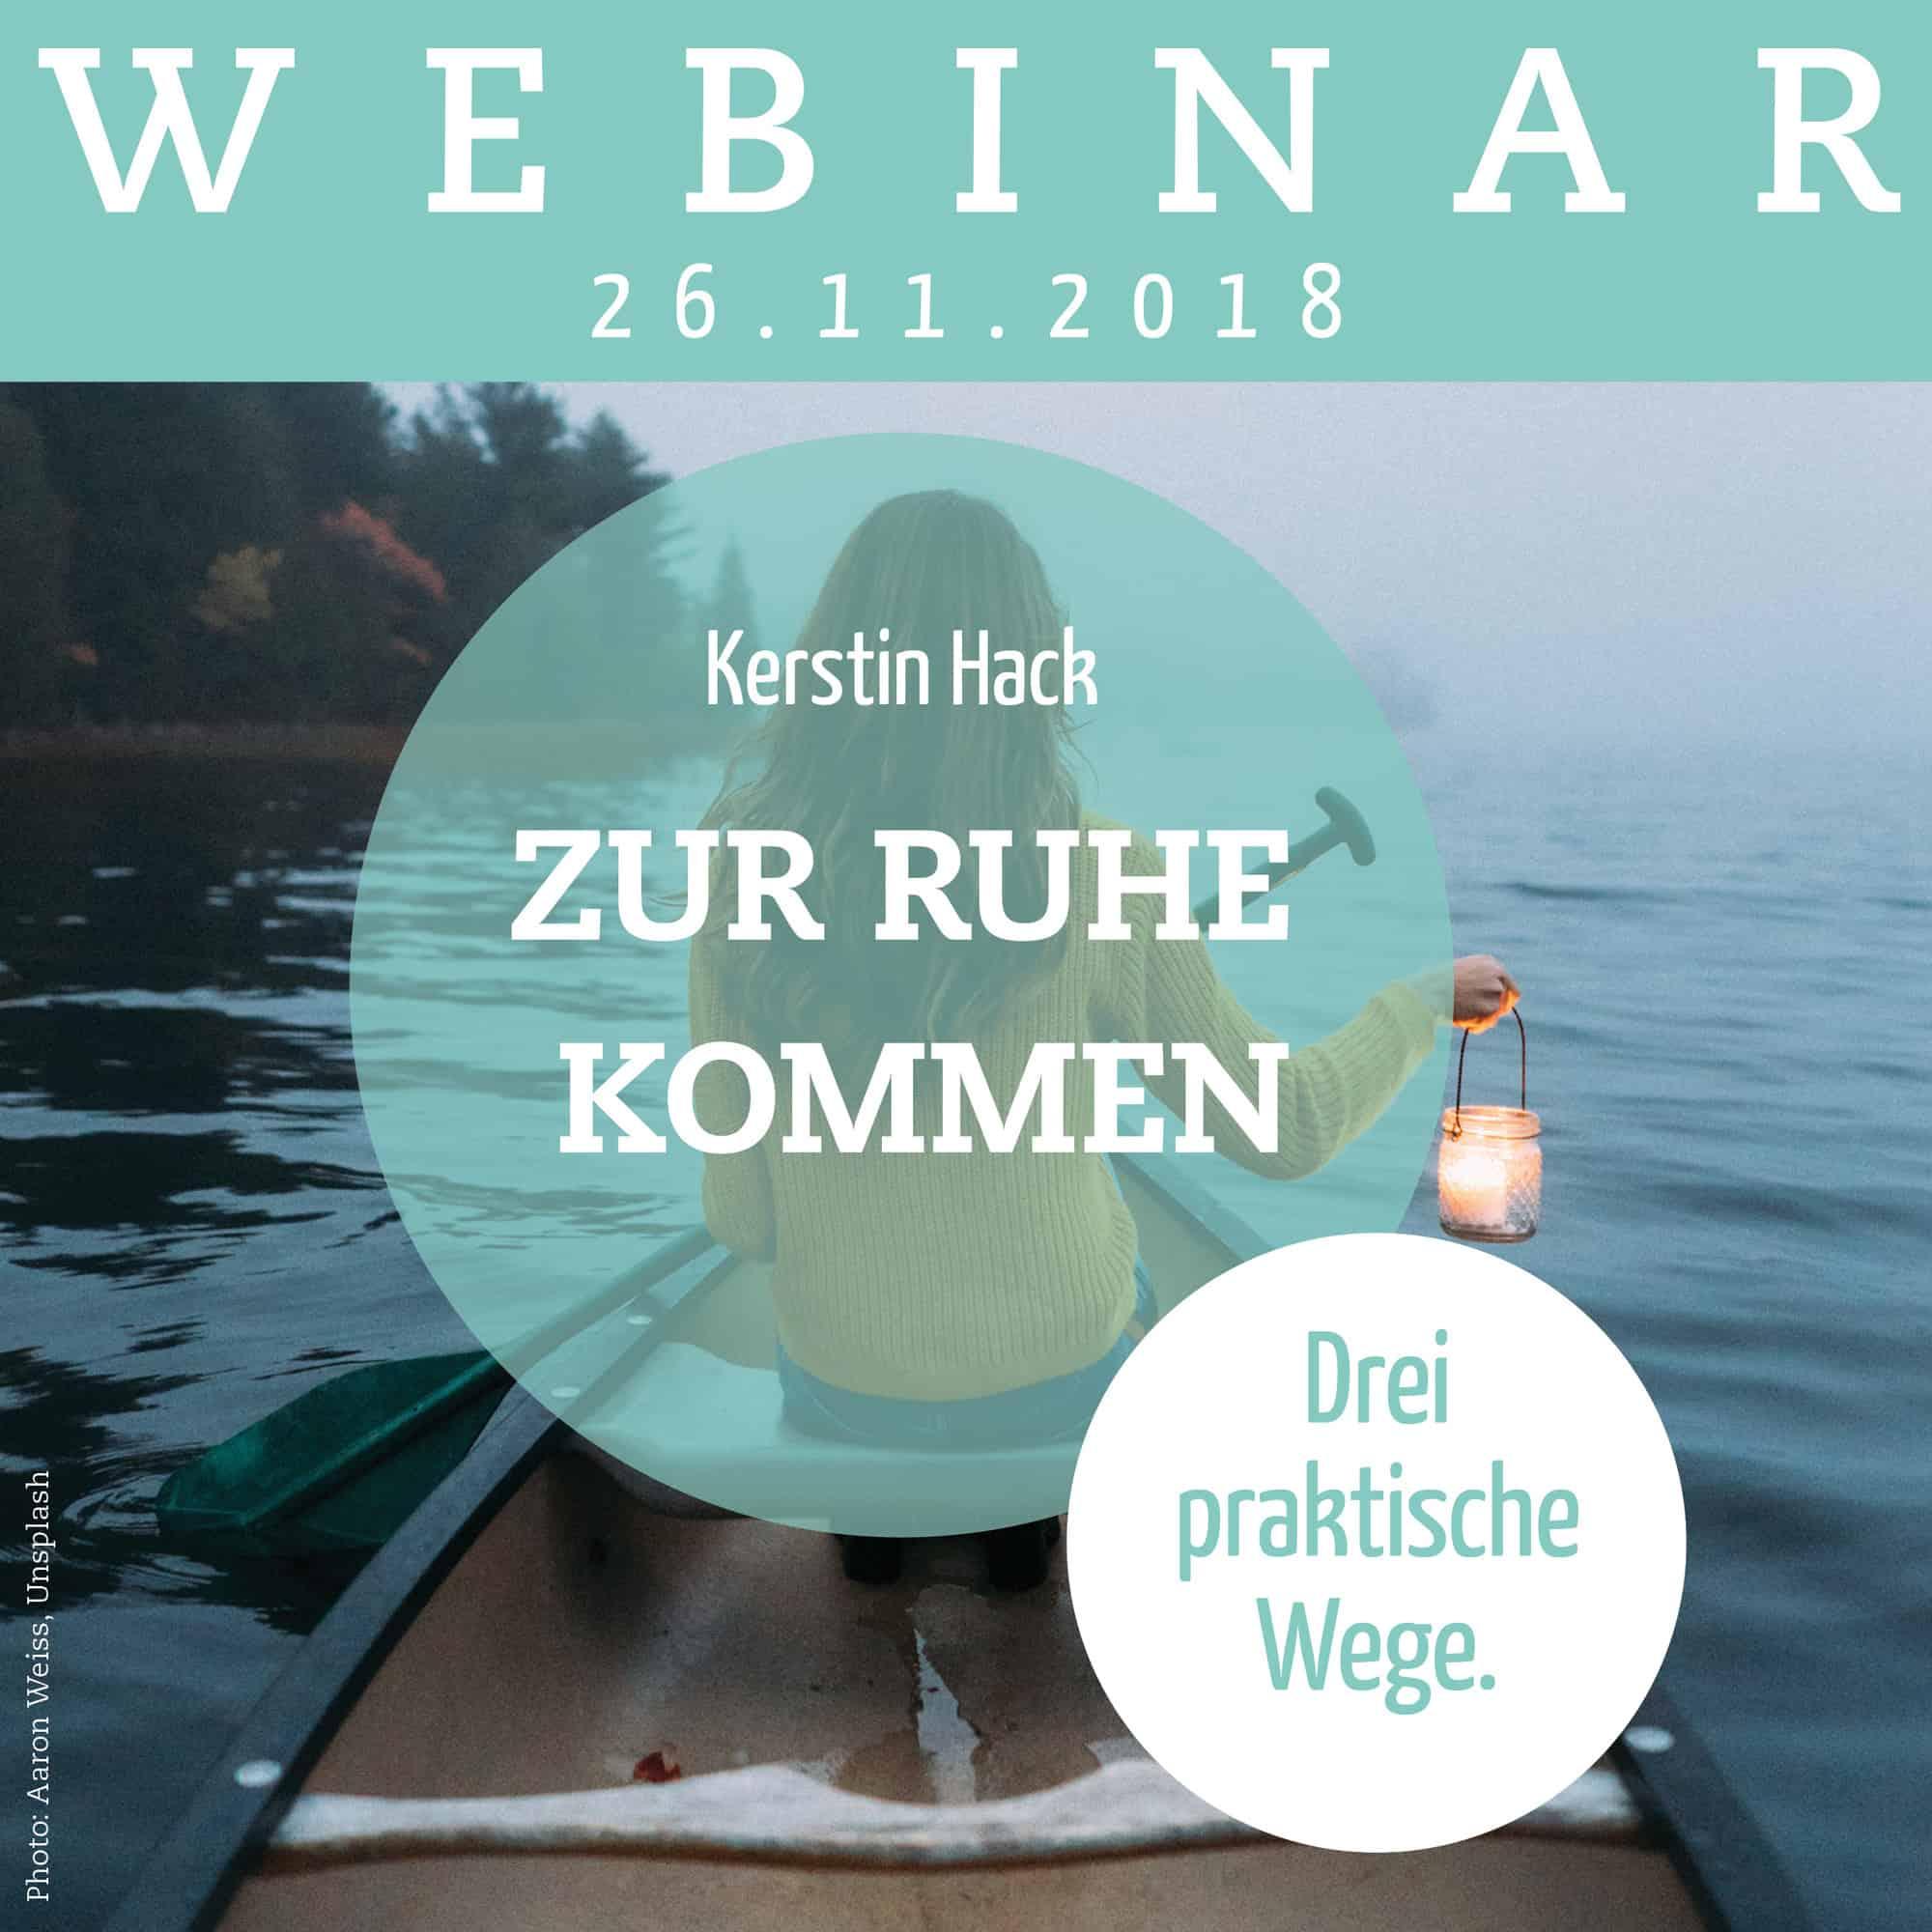 Aufzeichnung Webinar: Zur Ruhe kommen. Drei praktische Wege. https://www.down-to-earth.de/detail/index/sArticle/3695/number/95210
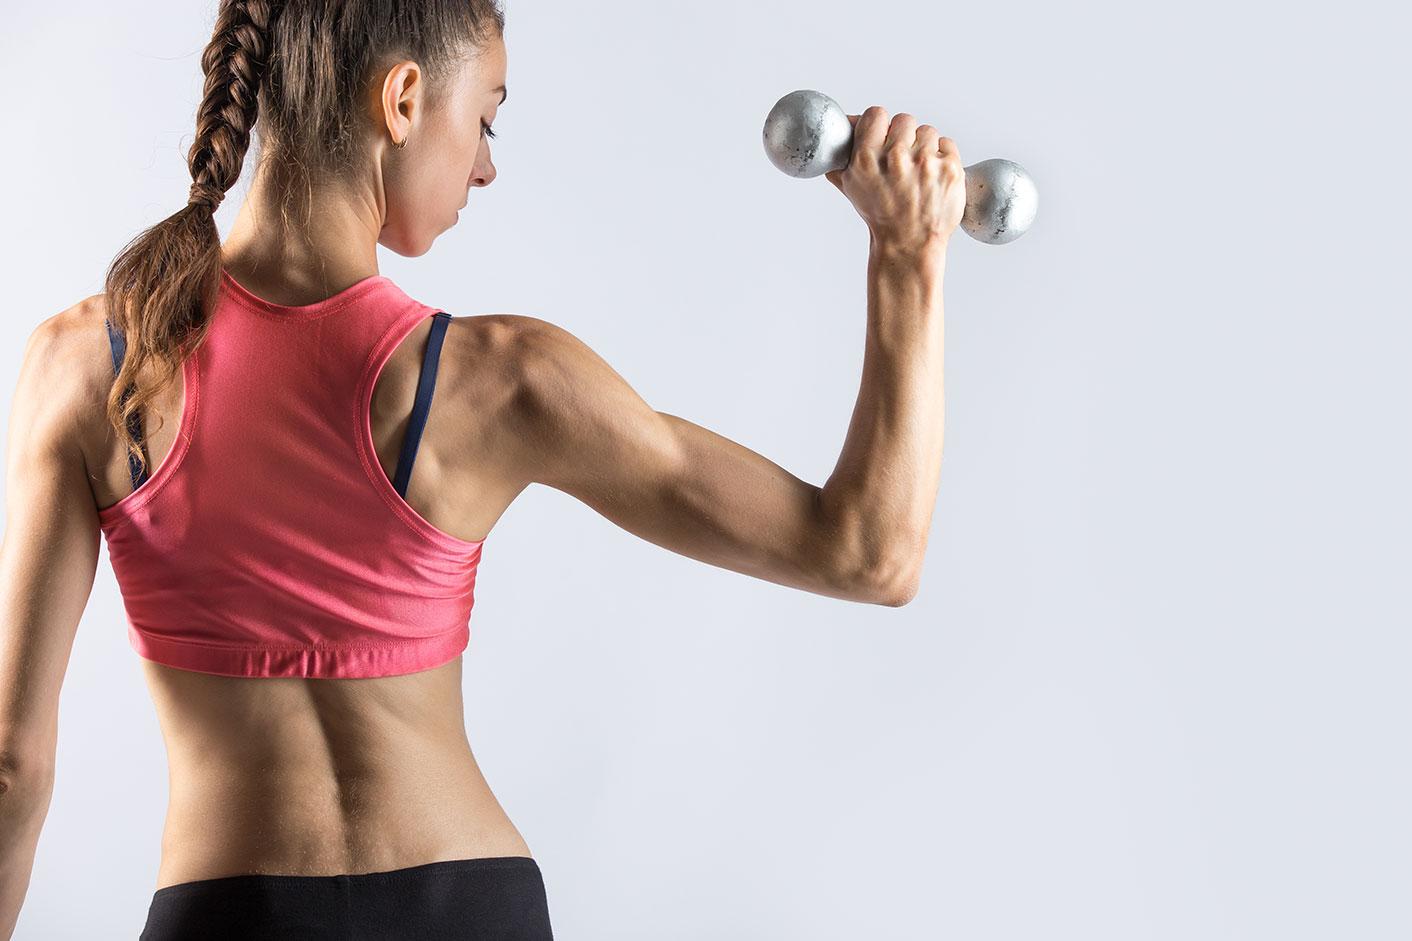 Как быстро похудеть женщине: эффективные способы быстрого похудения -
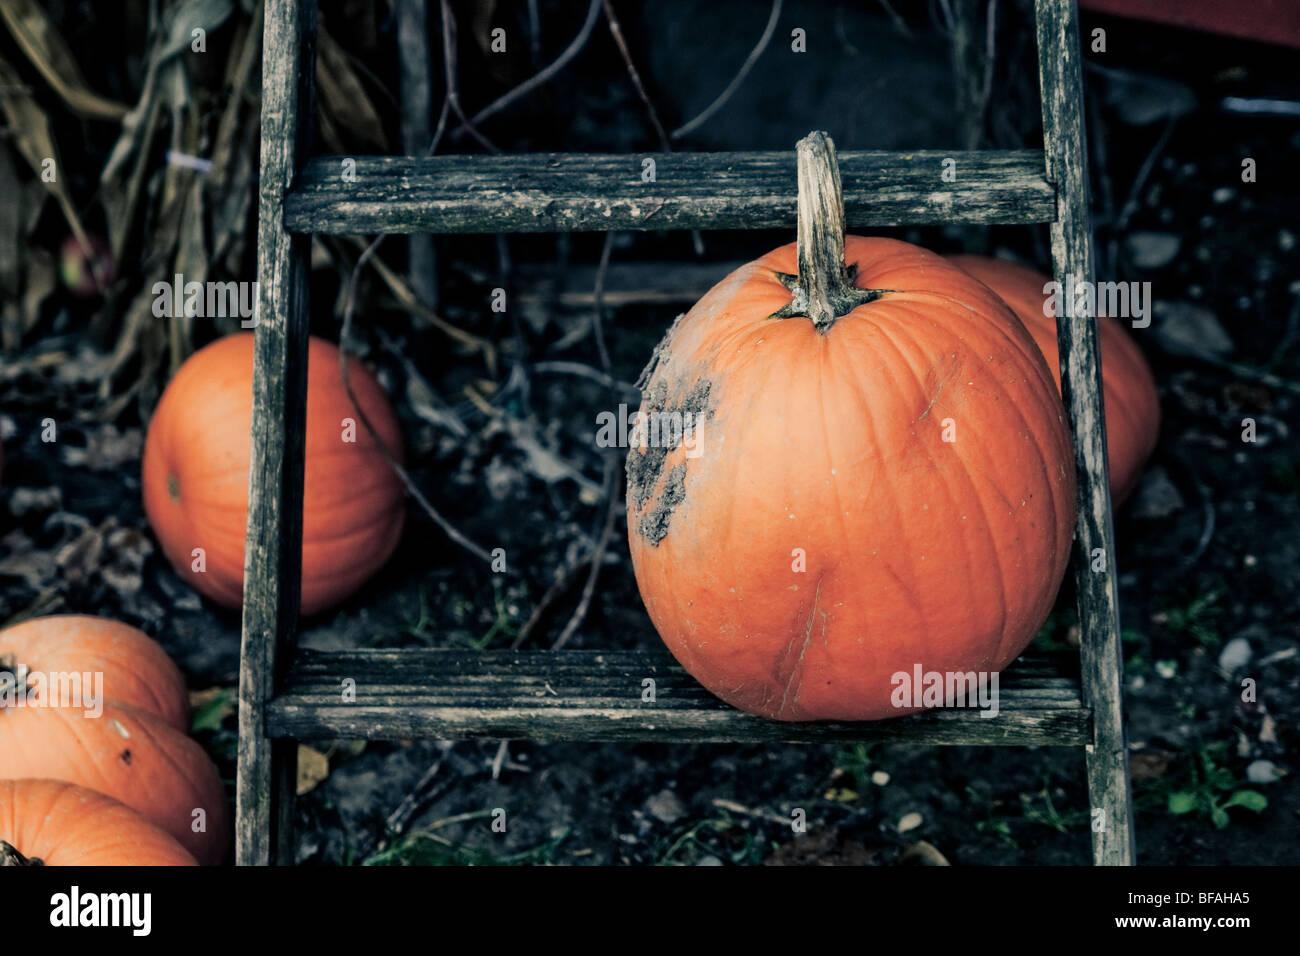 Pumpkins sur une sinistre fond frêne noir Photo Stock

> _Exercise details_
Word for word, retype the lines from the one with "Как быстро похудеть" through the final line of the data, both included. No pictures belong in the copy.

> _Expected answer_
 Как быстро похудеть женщине: эффективные способы быстрого похудения -
 Pumpkins sur une sinistre fond frêne noir Photo Stock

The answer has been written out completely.